Farm Girl agony auntI too am with a man who is much older. We are getting married this fall. Many people in society have a problem with relationships such as ours. If you think about it, it's very similar to how interracial relationships were looked at many years ago. In my opinion, those who criticize this sort of thing, have some sort of jealousy or envy. Or, it's they who have the perverted mind! Perhaps it's something that they themselves wanted to do, but allowed society to dictate their future!

As for it being perverse, sure we have fun with it! No different than a woman who marries a cop, and he cuffs her, or maybe a girl is a nurse, and they play doctor,etc... What makes this sort of relationship more perverse than any other. What the heck?? If it adds spice, run with it! It's those with a closed mind that have a lousy sex life!

Telling the family was a bit tough, but when my dad saw just how happy he makes me, and how good he is to me, things smoothed out rather quickly. They are now best of Buds!

The bit about his health fading. We went through all of that also. But cancer and many other serious illnesses do not recognize age! Work injuries, auto accidents, whatever. It can happen to ANY of us at ANY time! If we let "what if's" run our lives, we'll waste our lives away worrying!

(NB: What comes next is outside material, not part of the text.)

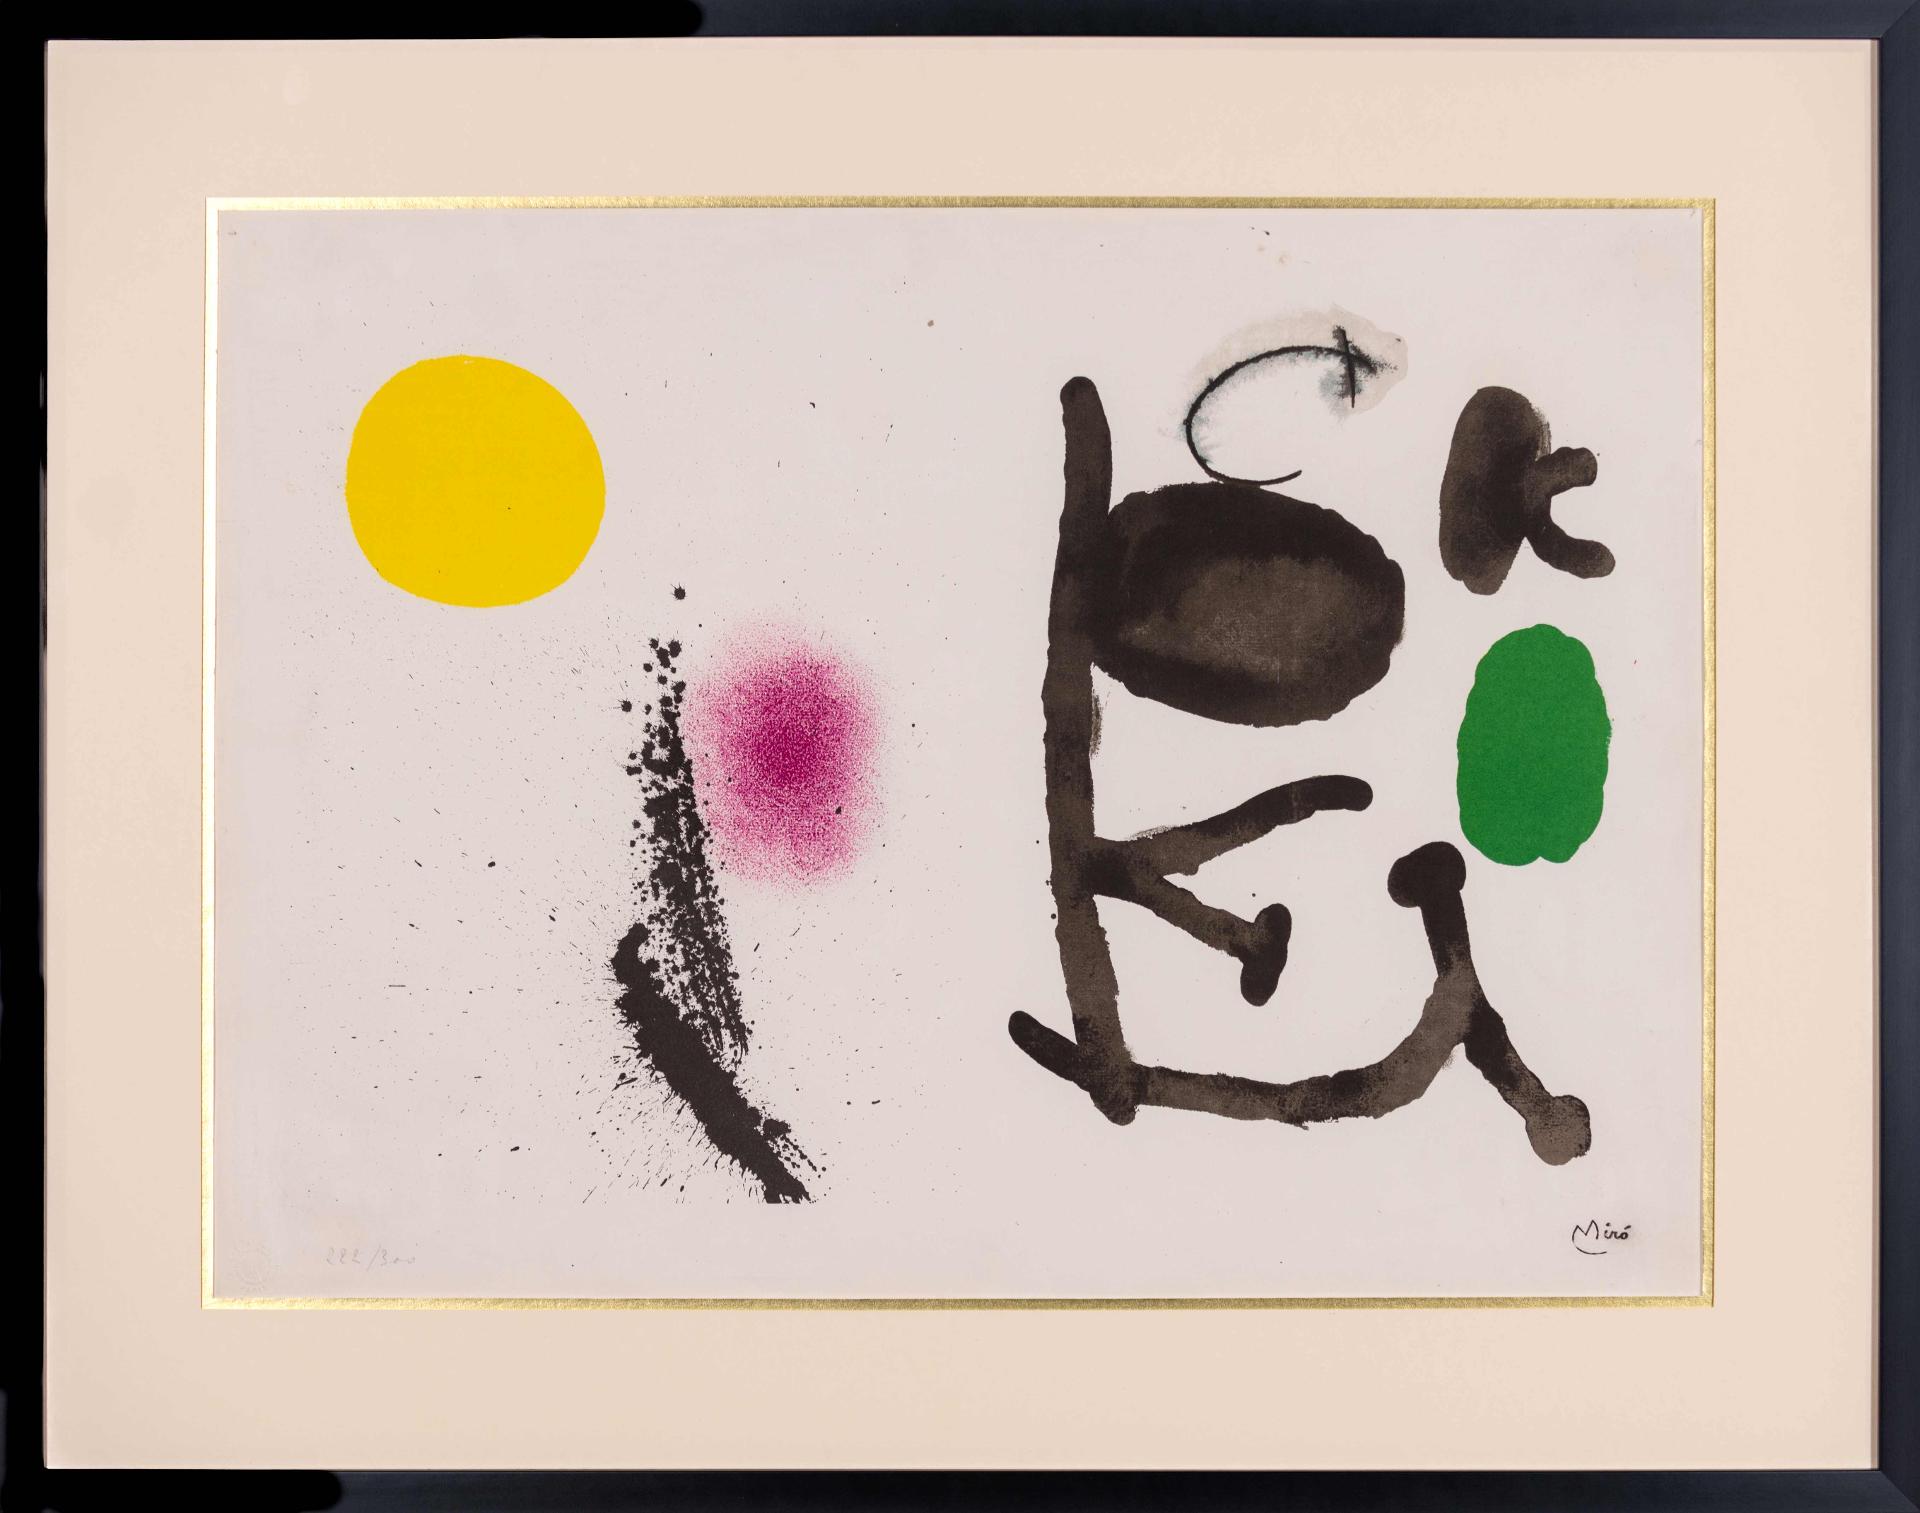 Joan Miró (1893-1983) - Violet et jaune, 1961

Sex drive. It seems that many men in their 20's,30's,40's and 50's complain that their wives don't want sex. So, it sounds to me like that door goes both ways! Being that older men are attracted to younger women, I do my best to look good for him, and do my part to add excitement to our sex life. I don't know what he was like with anyone before me, but I have NO complaints!

As far as having things in common, or growing apart. That can happen with a couple where both parties are the same age. Interests will change as we go through life. Speaking for myself, things I enjoyed at 19 to 22, I no longer find of interest. As far as being a couple, I don't see how an age gap would have any effect on this. The most important thing is communication and spending quality time together.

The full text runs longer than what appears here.